Unicode - MIT/GNU Scheme 7.7.90+

Previous: Character Sets, Up: Characters

5.7 Unicode

MIT/GNU Scheme provides rudimentary support for Unicode characters. In an ideal world, Unicode would be the base character set for MIT/GNU Scheme. But MIT/GNU Scheme predates the invention of Unicode, and converting an application of this size is a considerable undertaking. So for the time being, the base character set for I/O and strings is ISO-8859-1, and Unicode support is grafted on.

This Unicode support was implemented as a part of the XML parser (see XML Support) implementation. XML uses Unicode as its base character set, and any XML implementation must support Unicode.

The basic unit in a Unicode implementation is the code point. The character equivalent of a code point is a wide character.

— procedure: unicode-code-point? object

Returns #t if object is a Unicode code point. Code points are implemented as exact non-negative integers. They are further limited, by the Unicode standard, to be strictly less than #x110000, with the values #xD800 through #xDFFF, #xFFFE, and #xFFFF excluded.

— procedure: wide-char? object

Returns #t if object is a wide character, specifically if object is a character with no bucky bits and whose code satisfies unicode-code-point?.

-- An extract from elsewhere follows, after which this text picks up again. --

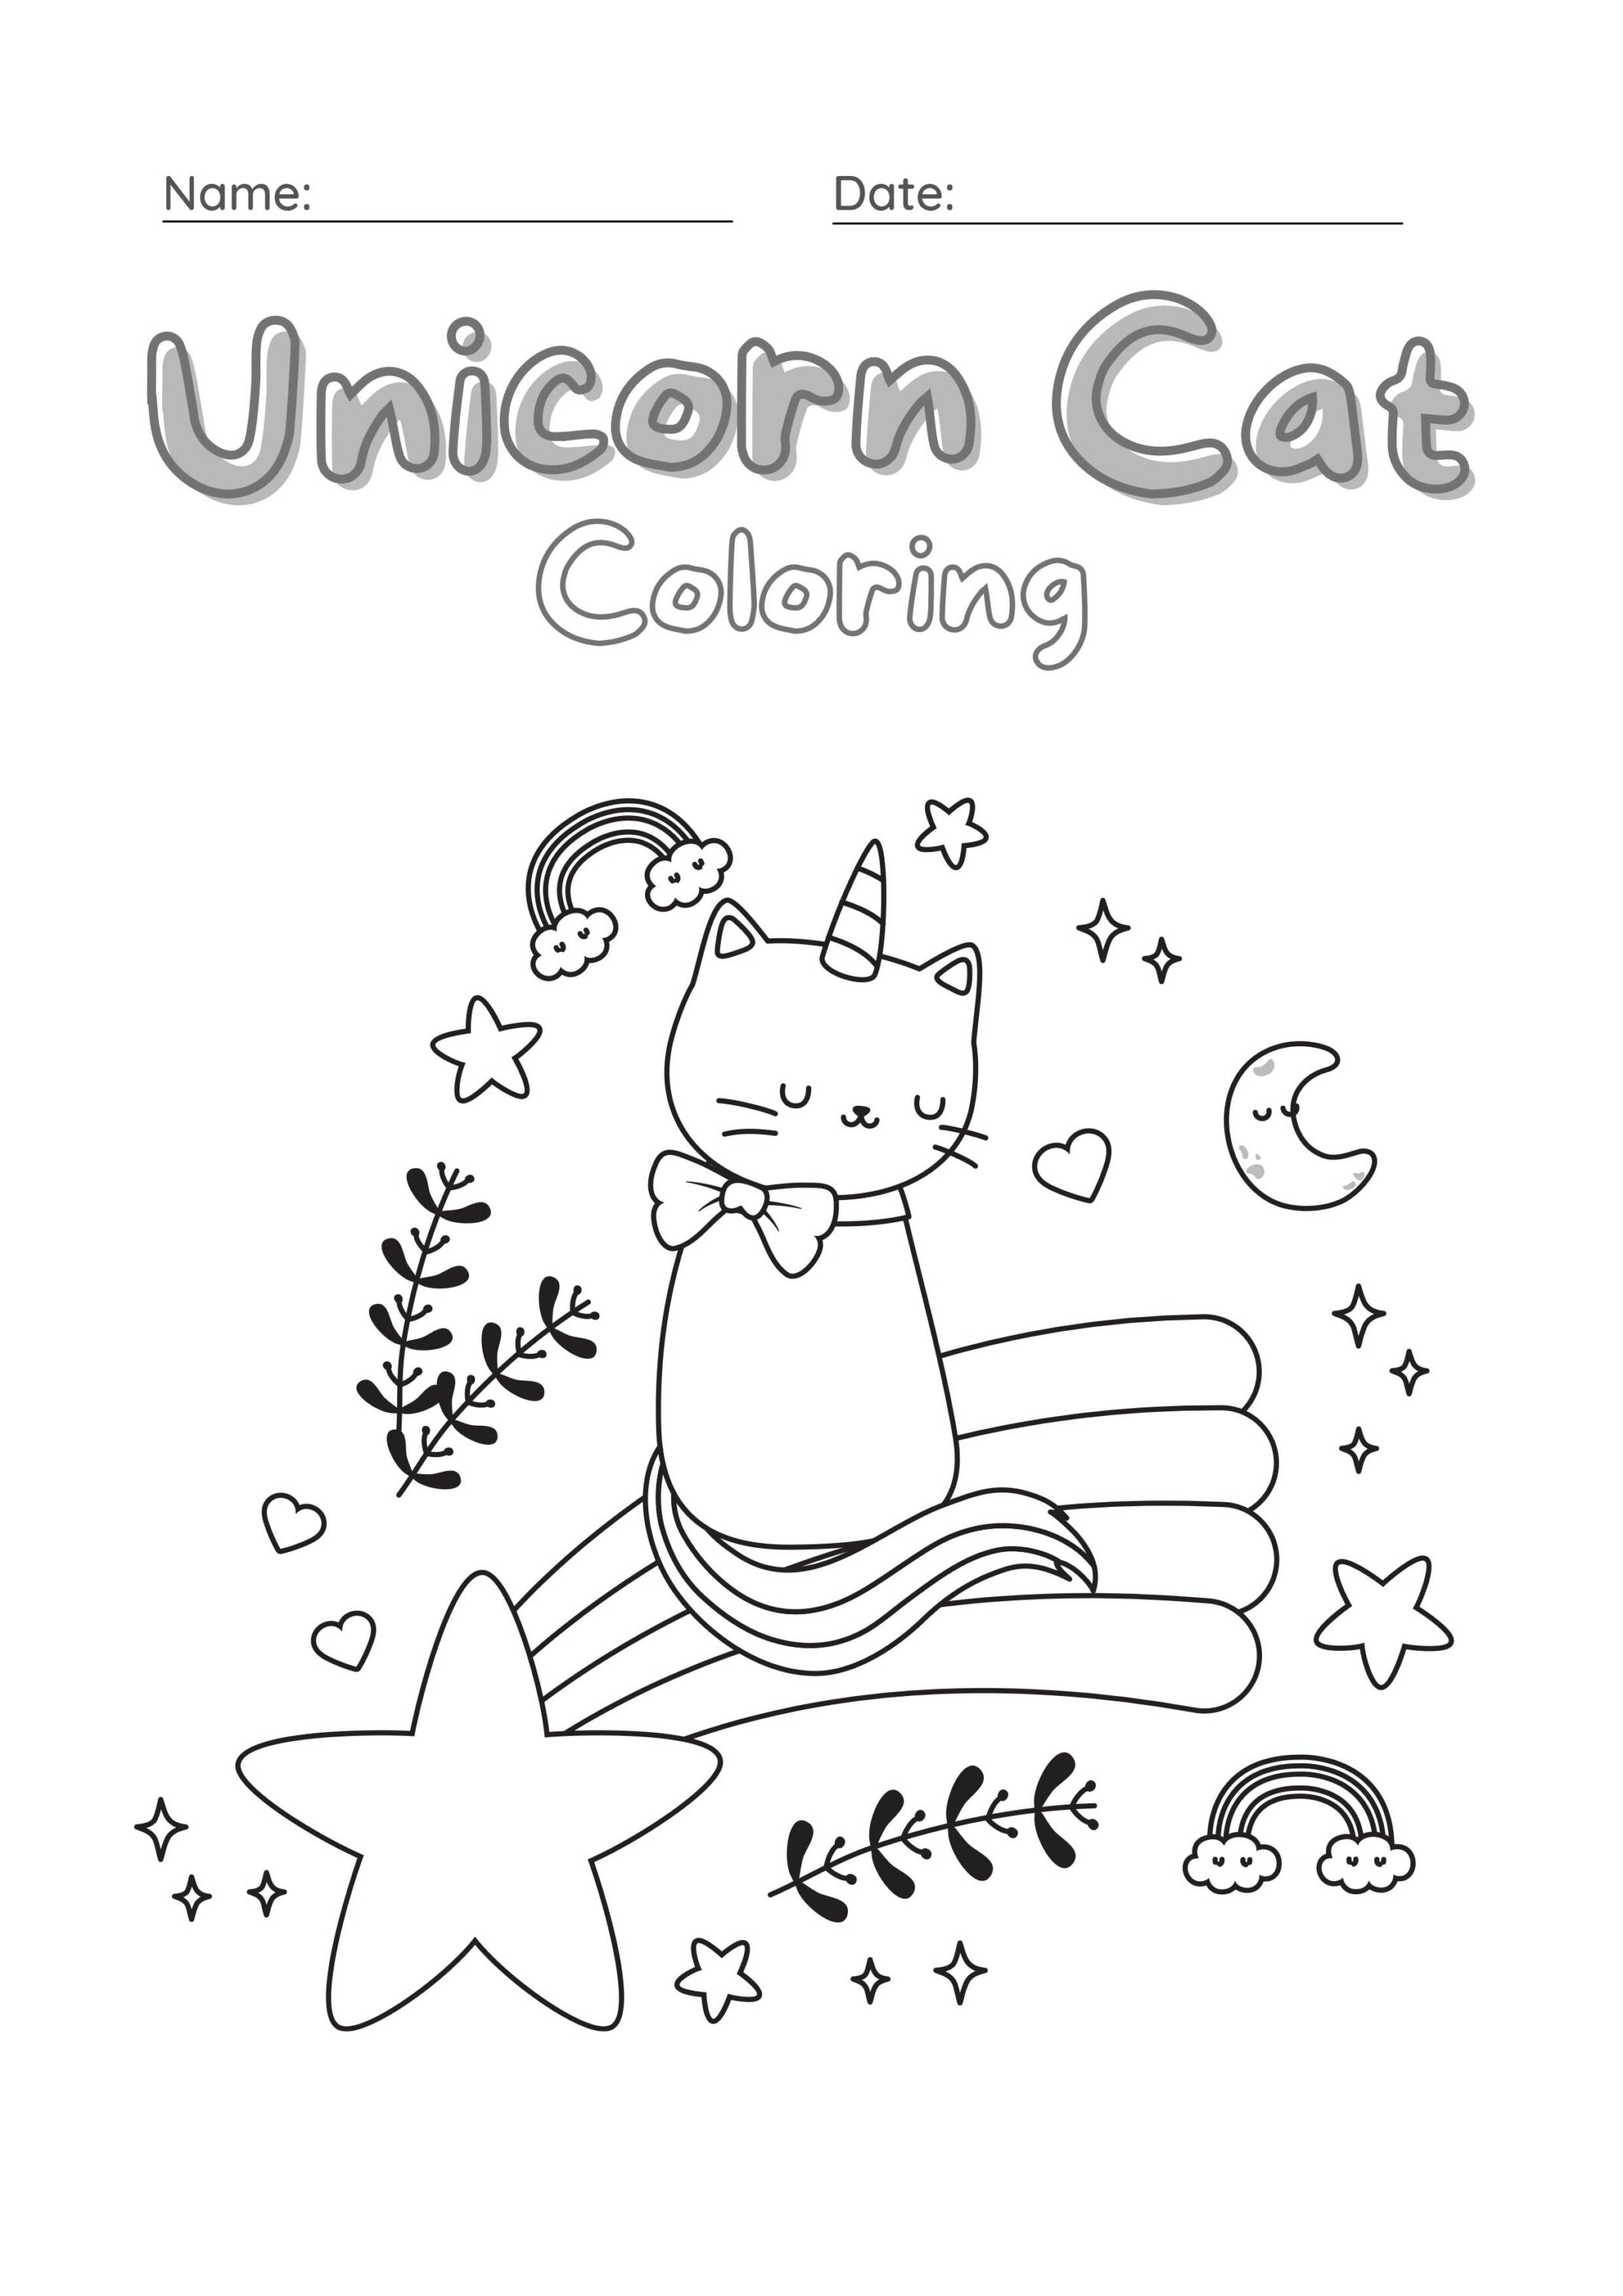 Unicorn Cat Coloring Worksheet Set 22

The Unicode implementation consists of three parts:

An implementation of wide strings, which are character strings that support the full Unicode character set with constant-time access.
I/O procedures that read and write Unicode characters in several external representations, specifically UTF-8, UTF-16, and UTF-32.
An alphabet abstraction, which is an efficient implementation of sets of Unicode code points (similar to the char-set abstraction).